By James Eli Shiffer

From the moment I started Whistleblower, I found out that I had formidable competition from some web sites I had never heard of: places like ripoffreport.com and complaintsboard.com. They're often the first sites that pop up on search engines when people who are unhappy with a product or service try to find out if they have company. They're also the flip side of the web's wild world of product endorsement, which the Federal Trade Commission tried to bring some order to this week by requiring bloggers to disclose if they're being paid to shill for something.

The world of dissing companies and products is equally wild. At its best, consumers' ability to complain to millions about their defective dishwasher or crappy car wash keeps companies honest. And companies do respond, with rebuttals or mea culpas. At its worst, it's a megaphone for liars or those mounting ad hominem attacks. One of Ripoff Report's categories is "adultery." You can search those entries for yourself.

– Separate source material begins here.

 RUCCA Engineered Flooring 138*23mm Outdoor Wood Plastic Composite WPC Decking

So where does that leave Whistleblower? The answer isn't as obvious as you might think. Of course, we don't publish random anonymous, potentially defamatory allegations. Such claims occasionally appear in comments on stories and blog posts, but we're working to police those more effectively. While I was live-blogging last year's election, I published reports from readers (for which I required their real names) about polling problems they were experiencing without confirming them. In that case, the importance of timeliness and the value of an instant forum to voters outweighed the potential harm of publishing something that was not quite right. I also counted on the self-correcting nature of the Internet - if they were telling me something completely off-base, I would hear about it and follow up.

For everything else, Whistleblower has investigated your allegations - and tossed some of them out after we found out the complaint was misdirected or just plain wrong. The team can't get to as many as we would like, so we're constantly thinking about ways to share more of your tips in a way that reflects the best of the web - a community in which every voice can be heard. But a newsroom sage long ago told me that often, the most important decision a journalistic can make is not to publish a story.

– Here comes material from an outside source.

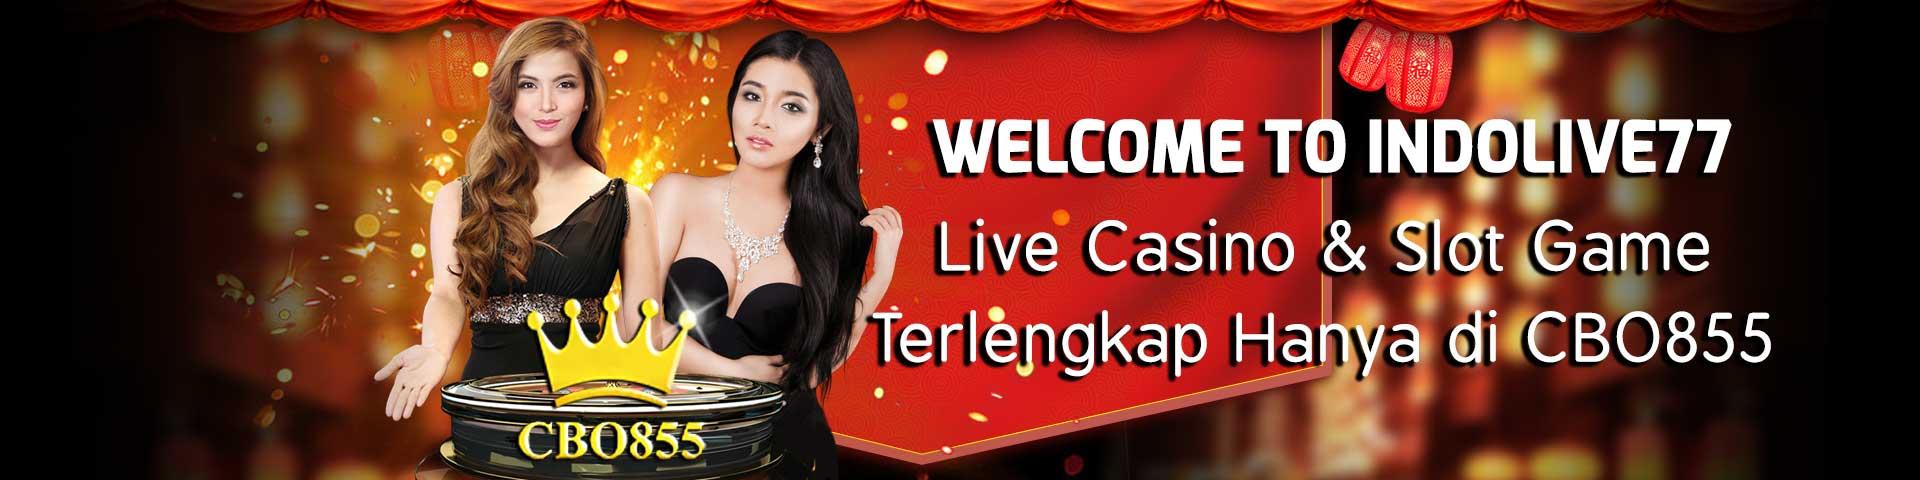 Daftar-Live-Casino-Game-Slot-Online-CBO855-Terpercaya

Still, I know Whistleblower can't ignore the world of online consumer gripes. Audrey Lazarus first got suspicious about her work-at-home business that I wrote about last month when she found online complaints from others who felt burned by Bankcard Empire. The company has vigorously responded to online attacks on its reputation. Ripoff Report features a lengthy assertion of Bankcard Empire's integrity, authored by Ripoff Report founder Ed Magedson, but sounding as if it was written by the company's PR department. Perhaps that was an effort to stay out of the defamation lawsuit that the company filed last month against eight people after they posted negative statements about the company on online forums.

The Ripoff Report's slogan reads, in part, "let the truth be known." Read down a bit further, and you'll find, "While we encourage and even require authors to only file truthful reports, Ripoff Report does not guarantee that all reports are authenic or accurate."

For the record, Whistleblower guarantees that what we report is accurate to the best of our knowledge, or we'll correct it. In the age of the free speech free-for-all, I'm confident that matters.